Había marcado, sí, un par de goles en contra.
Y en aquel partido, casi sin
quererlo, mero instrumento del azar, la pelota que debería haber transitado sin
pena ni gloria por sobre el área rival luego del tiro de esquina, encontró en
su camino alguna corriente de aire imprevista, o alguna otra eventualidad de
esas que el universo se ofrenda a sí mismo, y se desvió lo suficiente para
rozar en la cabeza de Elvio y cambiar su rumbo hacia la portería. Gol. Y claro,
la emoción novedosa, y esa descarga de frustraciones que uno va juntando, y, otra
vez, esa costumbre inane de levantarse la camiseta… No se dio cuenta sino hasta
que volvió a su posición y recuperó el aliento y se situó en sí, en el de
siempre. Entonces, notó primeramente las miradas de los rivales y las nuestras
y las del público cercano; y las risas nerviosas y las malintencionadas, esas
que reescriben en un santiamén una personalidad, un prestigio. Y recordó la
camiseta que siempre llevaba, por cábala, debajo de la del equipo. Una que le
había regalado su madre – rosadita, con motivos de flores y dos niñas con
sombrillitas y cestas y vestiditos vaporosos -
que le quedaba corta y ceñidísima al cuerpo y que le daba un aspecto trágico
y degenerado.
Comprendimos por qué siempre se quedaba solo, en el vestuario, un
rato antes de salir a la cancha… Y él comprendió, obviamente, que su reputación
se había ido al carajo. Importaba un rábano que repartiera más patadas que
antes, que se trompeara con alguno. Es más, probablemente ya ni pudiera: todo
descansa en la imagen que los demás se forman de uno; una vez que la reputación
se extingue, no hay tu tía, y uno termina por someterse, le guste o no, a esa
nueva circunstancia y por acatar la identidad que viene con ella. Entonces, sin
haberse movido del lugar, Elvio se largó a llorar y, de pronto, salió corriendo,
patético, hacia el vestuario – no sé si es un recuerdo apócrifo, pero sus
piernas parecían desviarse a los costados, como las de las niñas cuando corren…

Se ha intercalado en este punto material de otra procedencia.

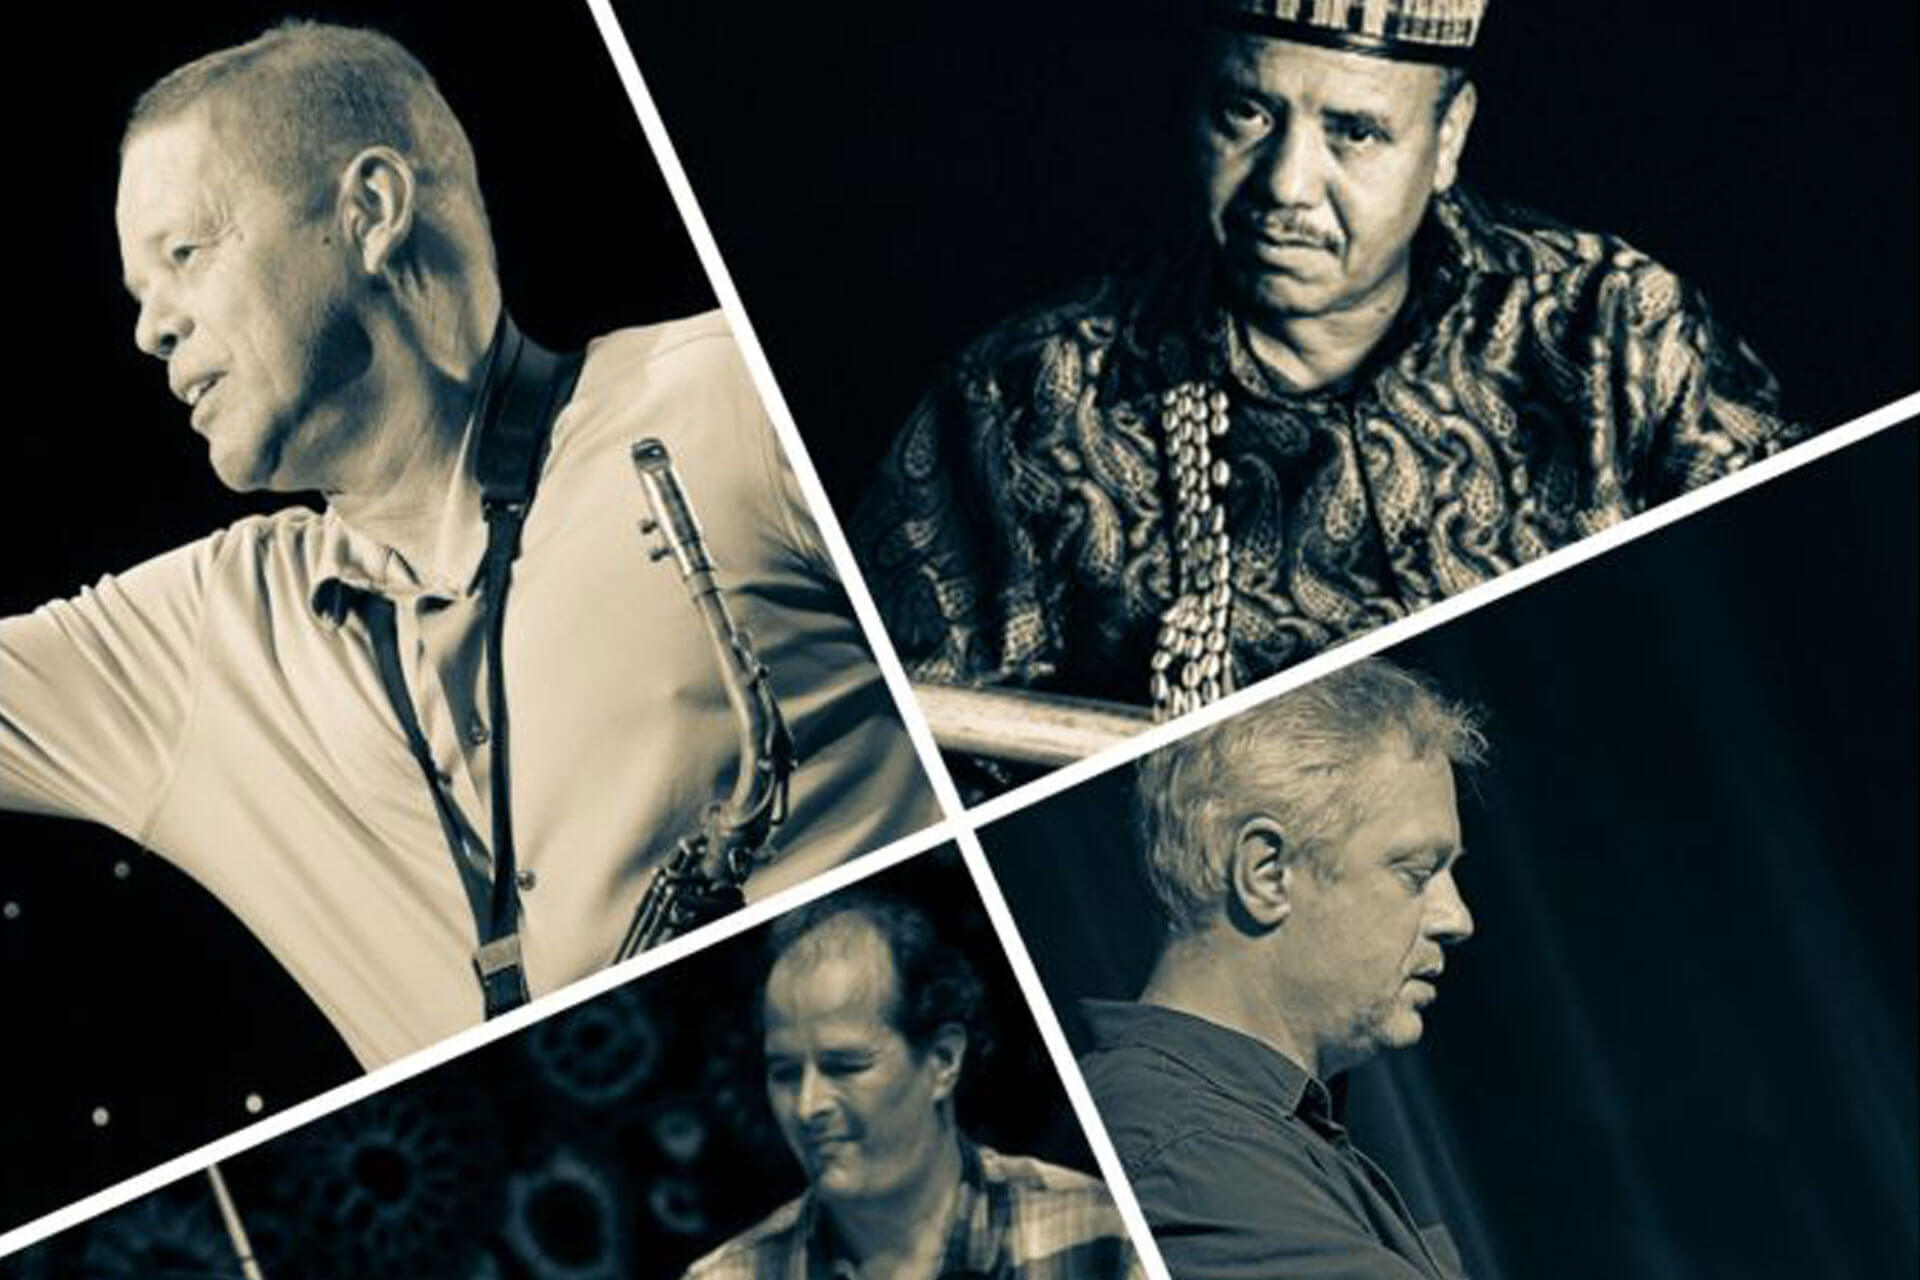 MAJID-BEKKAS-PAUL-VAN-KEMENADE-STEVKO-BUSCH-MARKKU-OUNASKARI-treden-op-het-Red-Light-Jazz-festival-in-Amsterdam

Supercherías de mierda… Al final no protegen de nada; en todo caso, nos
inventan otras calamidades. Desde aquel día he dejado de utilizar los calzones
de mi abuela Benita…
Esa fue la última vez que lo vi… No, miento, lo vi otra vez (creo). Pero de lejos. Iba caminando por la calle Tres Sargentos.
Obedeciendo como a una gravedad cambiante, que ejercía ora por un costado, ora
por otro. Esa fue la última. Pero prefiero contabilizar como tal, la del café; a
aquella otra prefiero registrarla entre los cómputos estadísticos de las confusiones
por parecido fisionómico, por defecto visual. Iba tan deshecho… Desperdigado,
como juntando los trozos que creían que eran necesarios para continuar…
Continuar vaya a saber qué… Creo que aún llevaba la camisetita infame debajo de
una camisa o un jersey o lo que fuera esa tela ancha y derramada.